Петр Акепсимович, хотя уже прибыли все гости, и даже Никифоров (видимо, для того, чтобы воочию убедиться в своем поражении), не может сказать, что удовлетворен. Хочется человеку, чтобы было как в Европе, да не совсем все получается. Молодые парни из его поместья под Якутском наряжены официантами, во фраках, но сколько он им ни показывал, как должны ходить, как смотреть на гостей, так и не смог ничего втолковать. Обносят гостей, а физиономии тупые, перепуганные, ну так и хочется по этим физиономиям съездить разок-другой. Слава богу, что никто из них пока не поскользнулся на отполированном до блеска полу. И еще одна вещь раздражает Шнарева весьма ощутимо.
— Ведь могла бы напоить ее своим отваром, как я тебя просил, — с возмущением выговаривает он сестре. — Самой, небось, захотелось постоять рядом со мной.
— Поила я ее, поила. Все равно лихорадит. Нервы! Не надо было тебе ездить за женой в Крым. Нашу должен был взять, сибирячку.
— Кажется, в цивилизованном обществе принято: если на прием приглашены два горбуна, они стараются держаться друг от друга подальше. А капитан Эллерт прямиком направился к этому поляку…
— Восхитительно меткое замечание, Вера Игнатьевна. Действительно, в России, куда ни повернись, поляки. Особую неприязнь вызывают те, кто выдает себя за российских патриотов. — Капитан Бондалетов сел на своего любимого конька. — Но если вас в самом деле интересует, кто он, могу дать исчерпывающую информацию — отец этого поляка был приятелем отца Болеслава Яновича.
«Бондалетов далеко не так интеллигентен, как Эллерт, — решает Вера, посматривая в окно. — Кажется, пурга стихает… И не столь остроумен и блистателен. Не чувствует, что его «исчерпывающая информация» свидетельствует в пользу его противника. А эти якуты во дворе… С винтовками, направленными в сторону улицы. Стоит им сделать поворот кругом, и мы все…»
— Я возражал против того, чтобы сегодняшний прием охраняли якуты Болеслава Яновича. — Бондалетов словно прочел мысли Веры. — Конечно, я понимаю заботу о безопасности находящихся здесь гостей, без которых Якутск оставался грязным азиатским городом. Но любые паникерские слухи о большевиках действуют на людей колеблющихся весьма отрицательно, они начинают верить, что большевизм неизбежен, и тем самым готовят почву для… правительства сильной руки.
— А правительства сильной руки вы побаиваетесь, капитан?
Вера пытается и не может вспомнить имя-отчество Бондалетова. Матвей Игоревич или Игорь Матвеевич? Ее, пожалуй, понять можно. За прожитые здесь годы столько новых лиц, столько людей, такие события. И никогда не было уверенности, что человек, с которым разговариваешь, действительно называет тебе собственное имя. Вот, к примеру, в Женеве она встретила одного человека, он ей представился — Владимир Федорович Ковалев, а в Севастополе он уже был Поликарп Андреевич Пронько.
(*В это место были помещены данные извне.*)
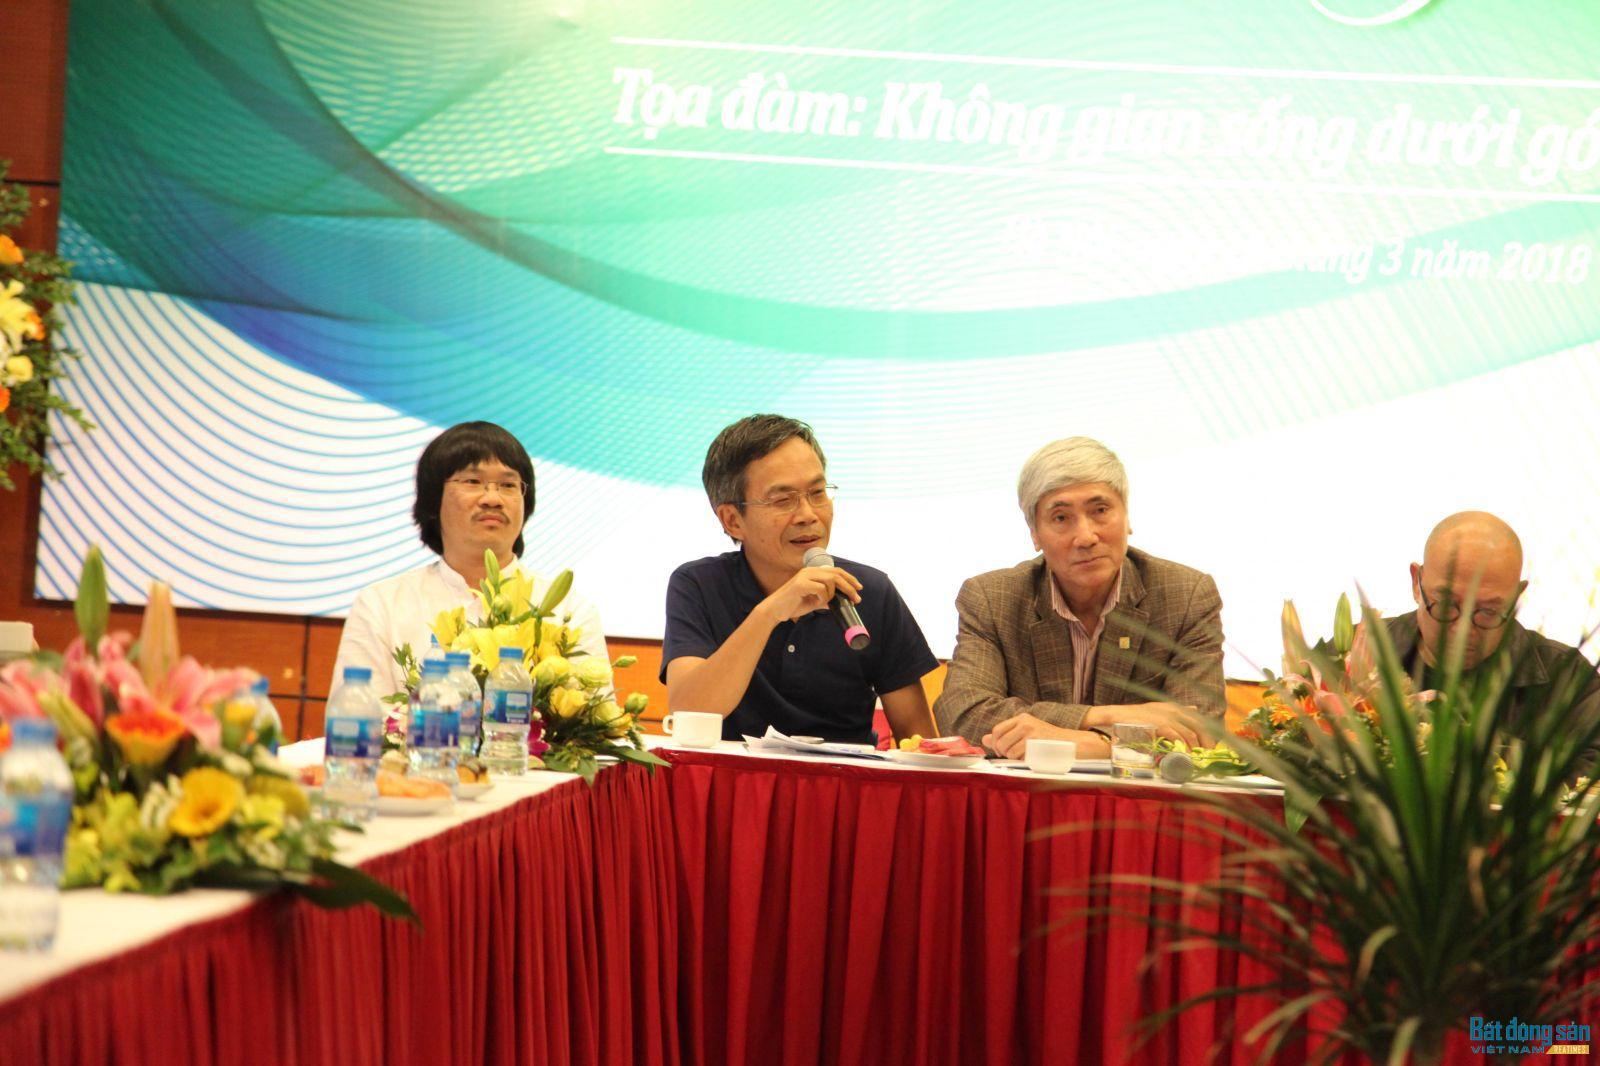 Nhà báo Trần Đăng Tuấn chia sẻ tại Tọa đàm Không gian sống từ góc nhìn văn hóa.

— Смотрите, первая жертва европейского стиля Петра Акепсимовича!
Зазвенело стекло, посыпались на пол бокалы, рюмки, послышалась какая-то возня и многоэтажное ругательство, такие слова частенько куда в менее драматичных ситуациях плывут над Леной, Волгой или Доном. Но на приеме, в зале?! Парню, наряженному лакеем, теперь уже все равно. Впервые очутившись на отполированном паркете, он неуклюже пытается встать. Стеклом поранил руку, фрак перепачкан кровью. Малецкий помогает ему подняться и провожает в соседнюю комнату. Парень хромает.